START Dataset excerpt

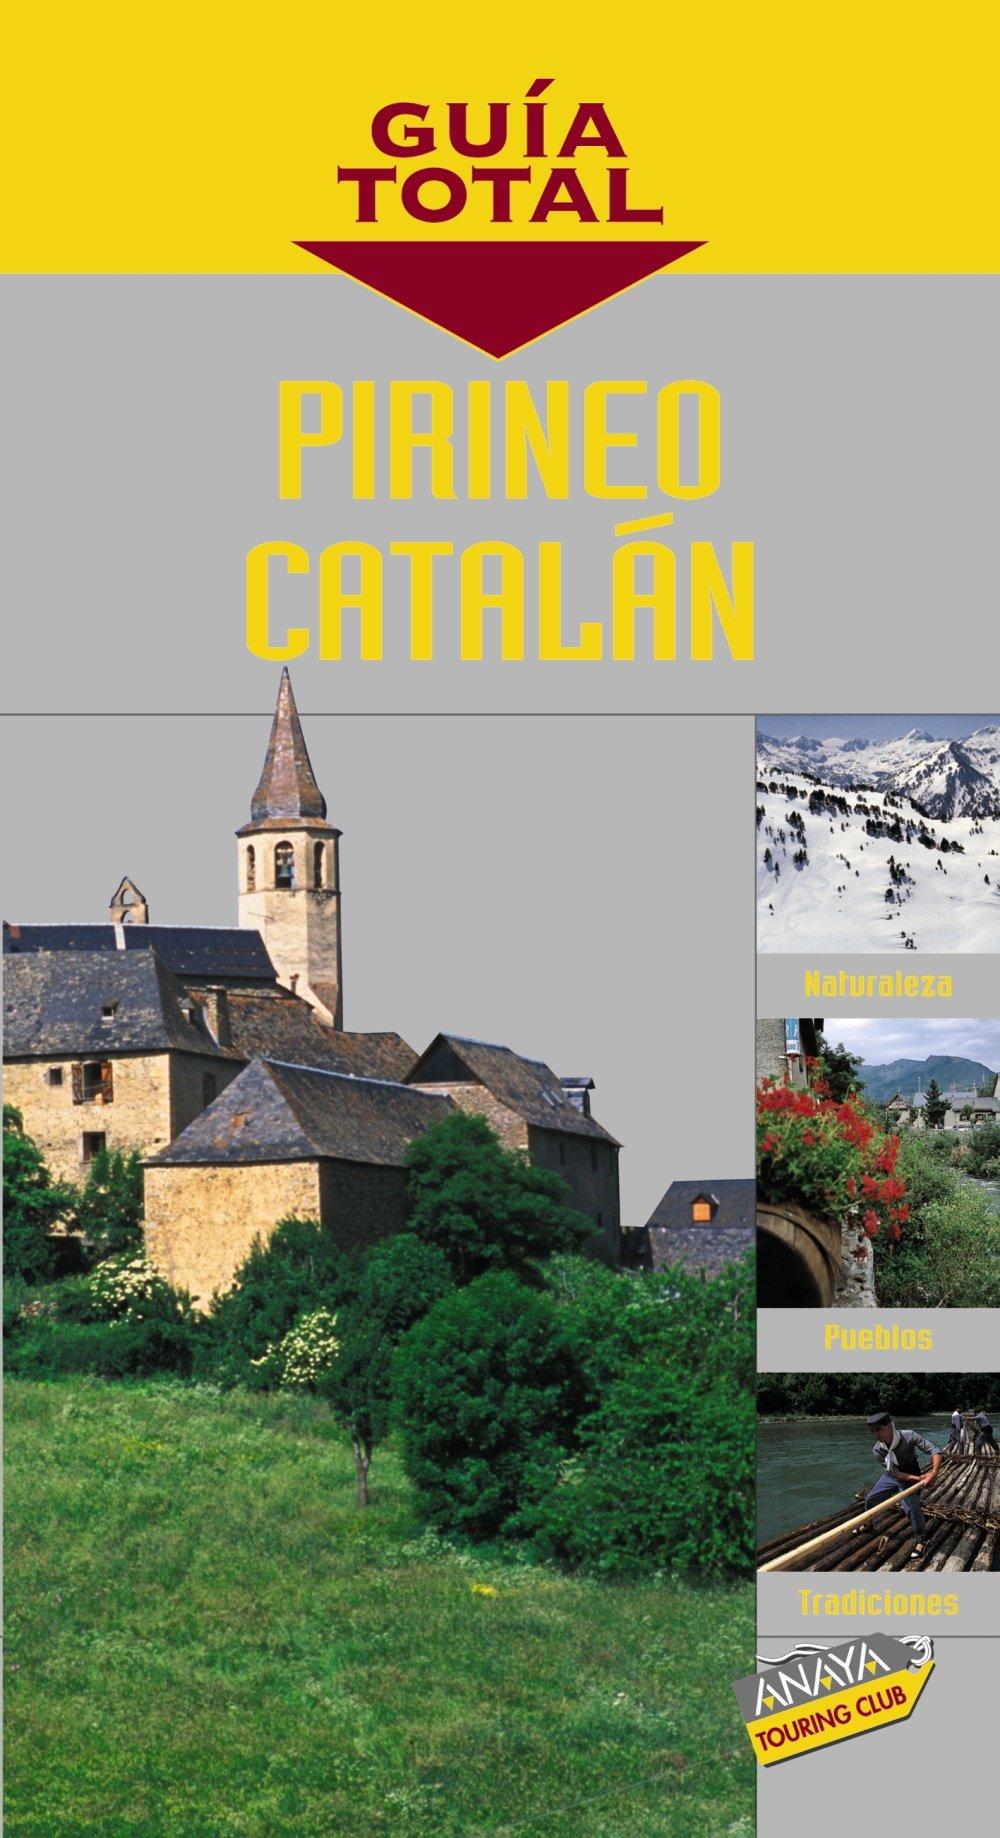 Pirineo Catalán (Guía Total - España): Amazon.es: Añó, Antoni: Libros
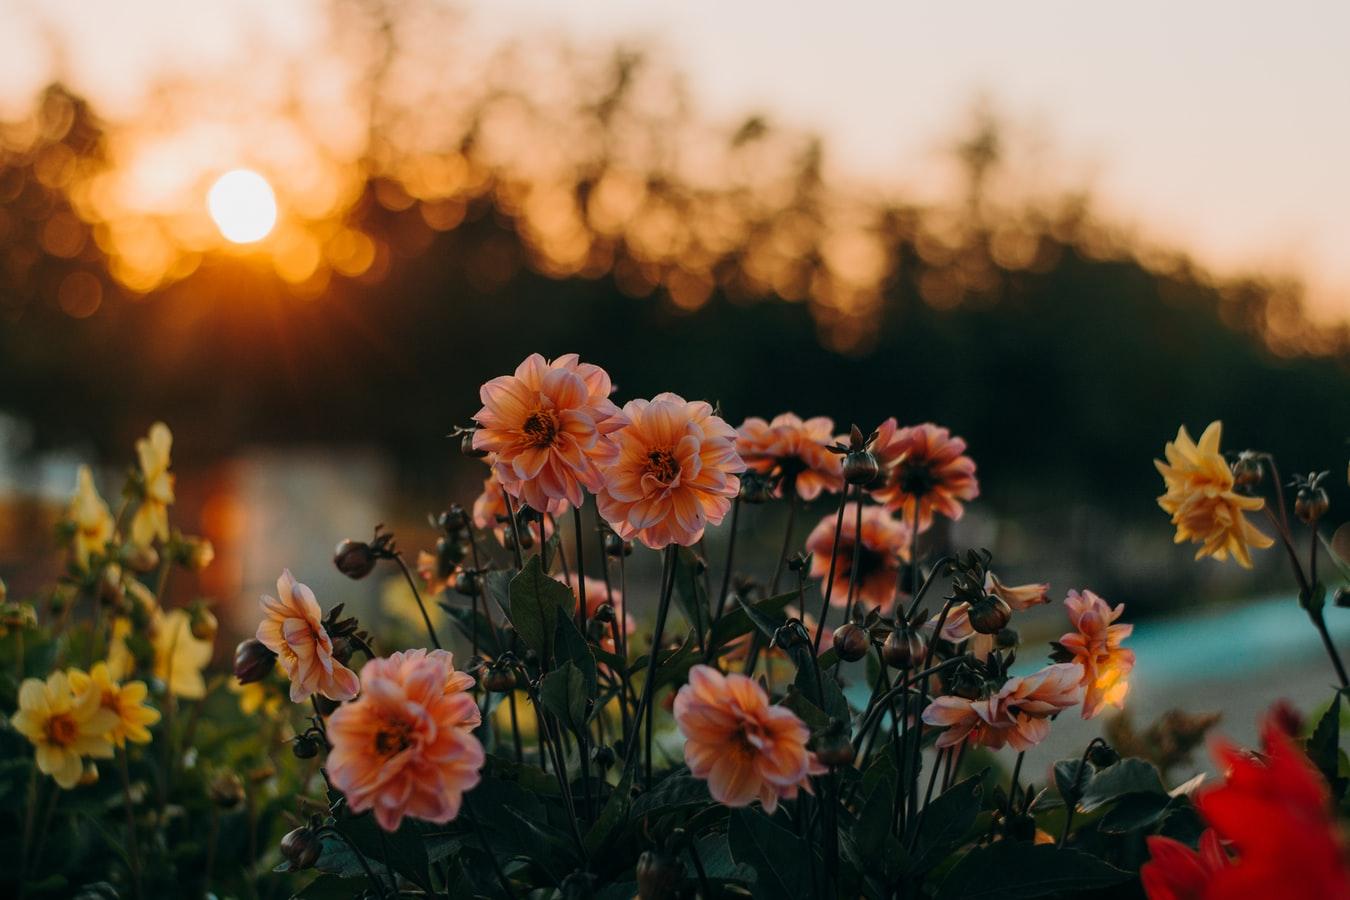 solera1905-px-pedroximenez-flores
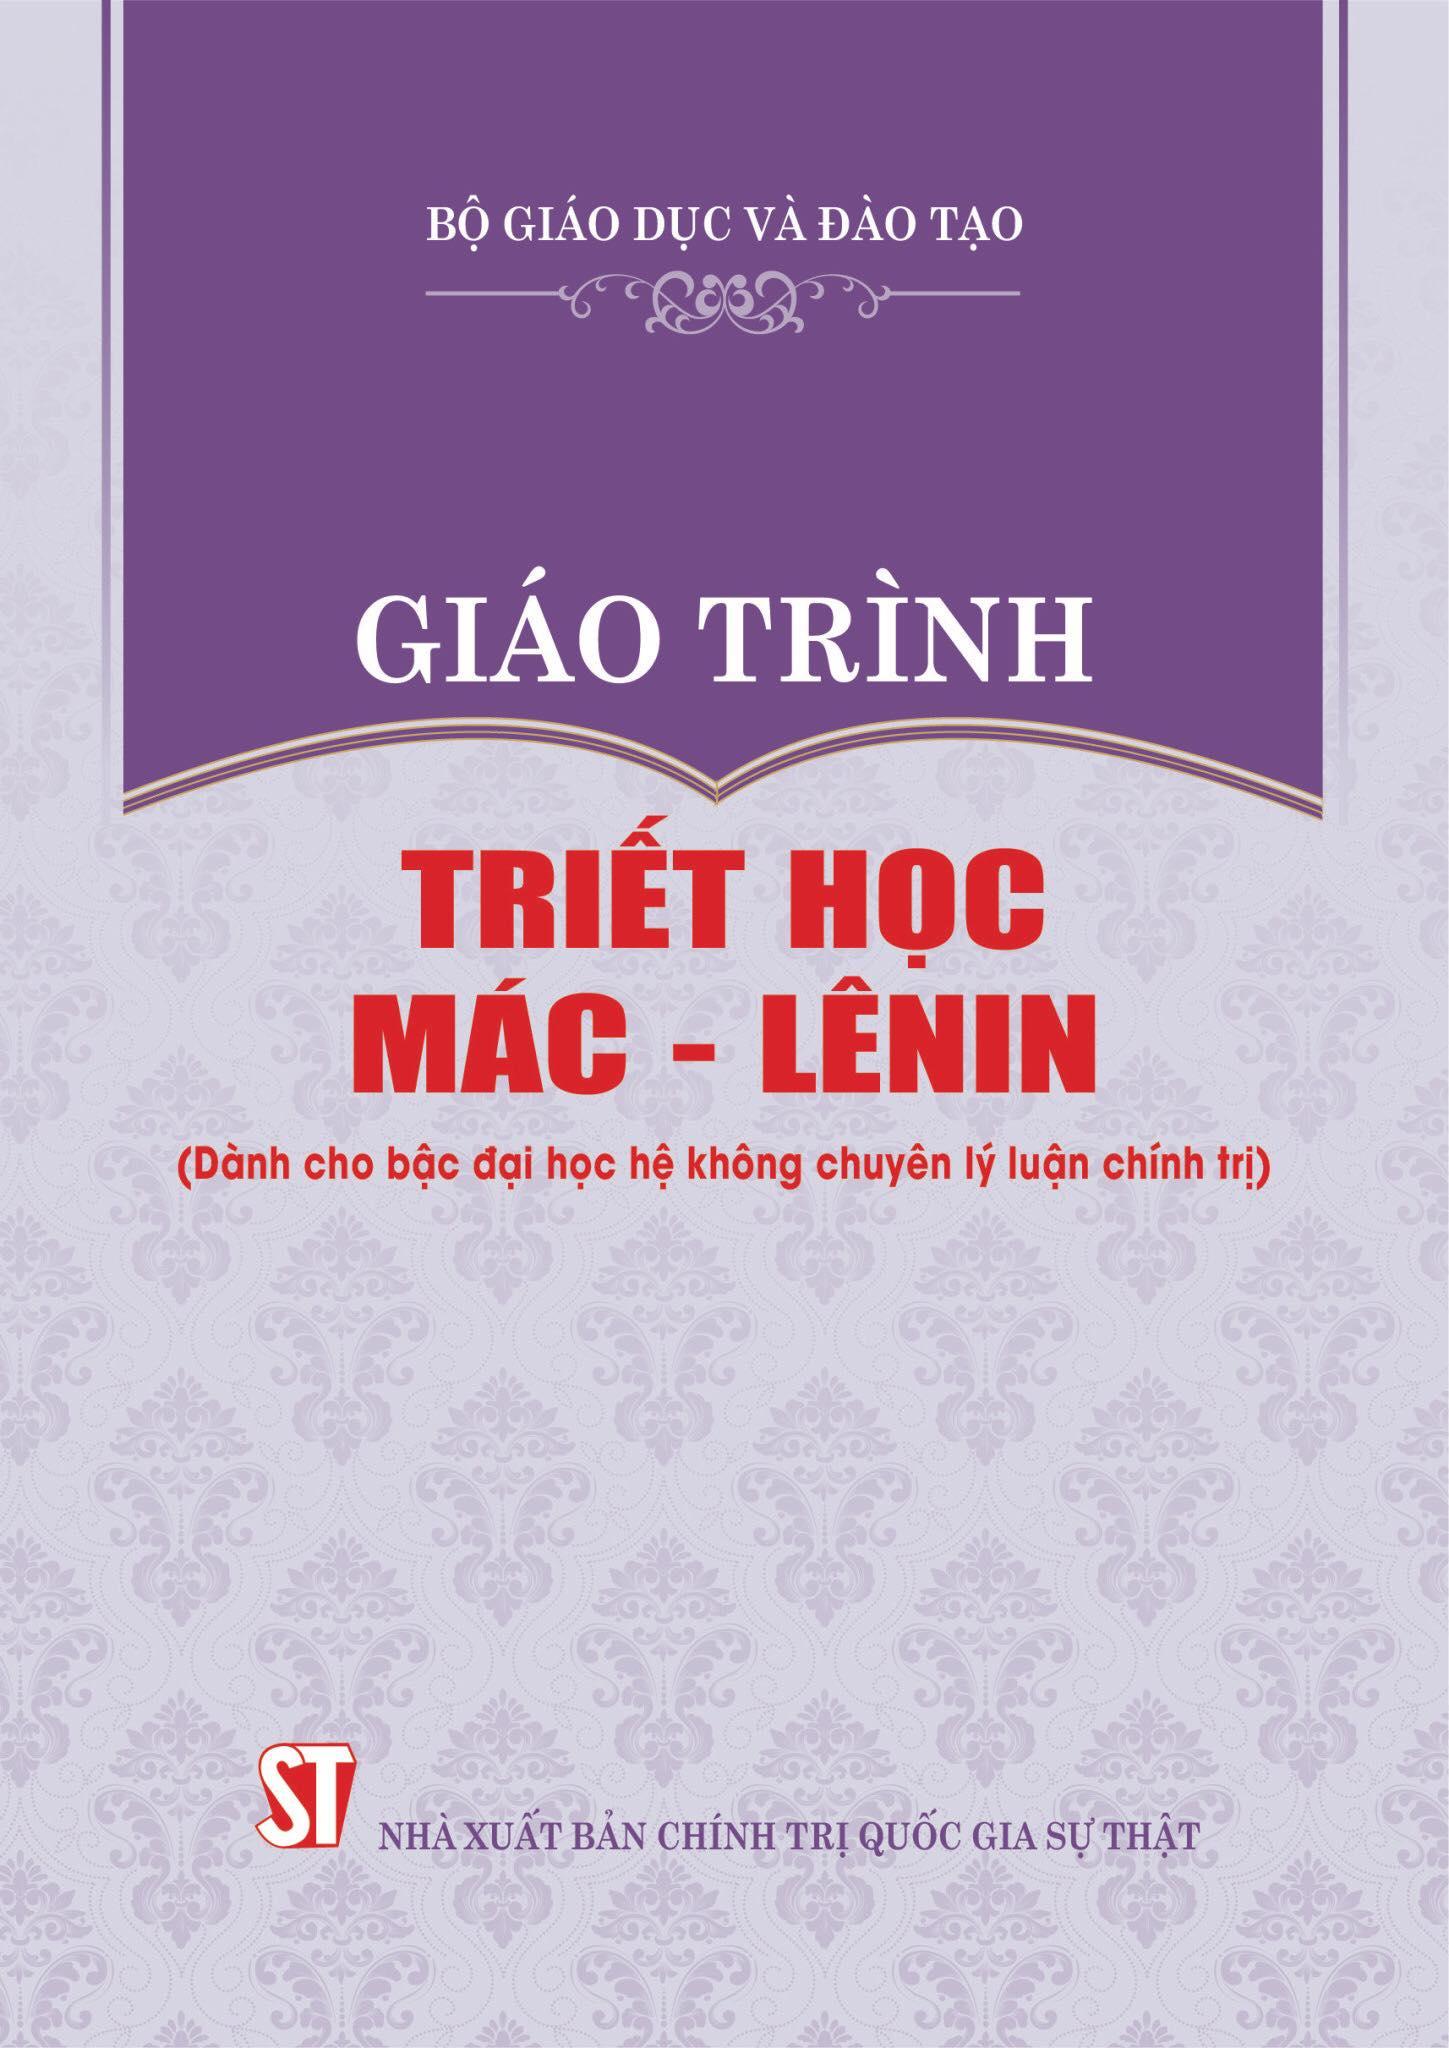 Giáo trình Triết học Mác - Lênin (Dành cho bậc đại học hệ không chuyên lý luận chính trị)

END Dataset excerpt

Your objective. Quote the data above in full and without alteration; skip the pictures.

Output of the task.
 Pirineo Catalán (Guía Total - España): Amazon.es: Añó, Antoni: Libros
 solera1905-px-pedroximenez-flores
 Giáo trình Triết học Mác - Lênin (Dành cho bậc đại học hệ không chuyên lý luận chính trị)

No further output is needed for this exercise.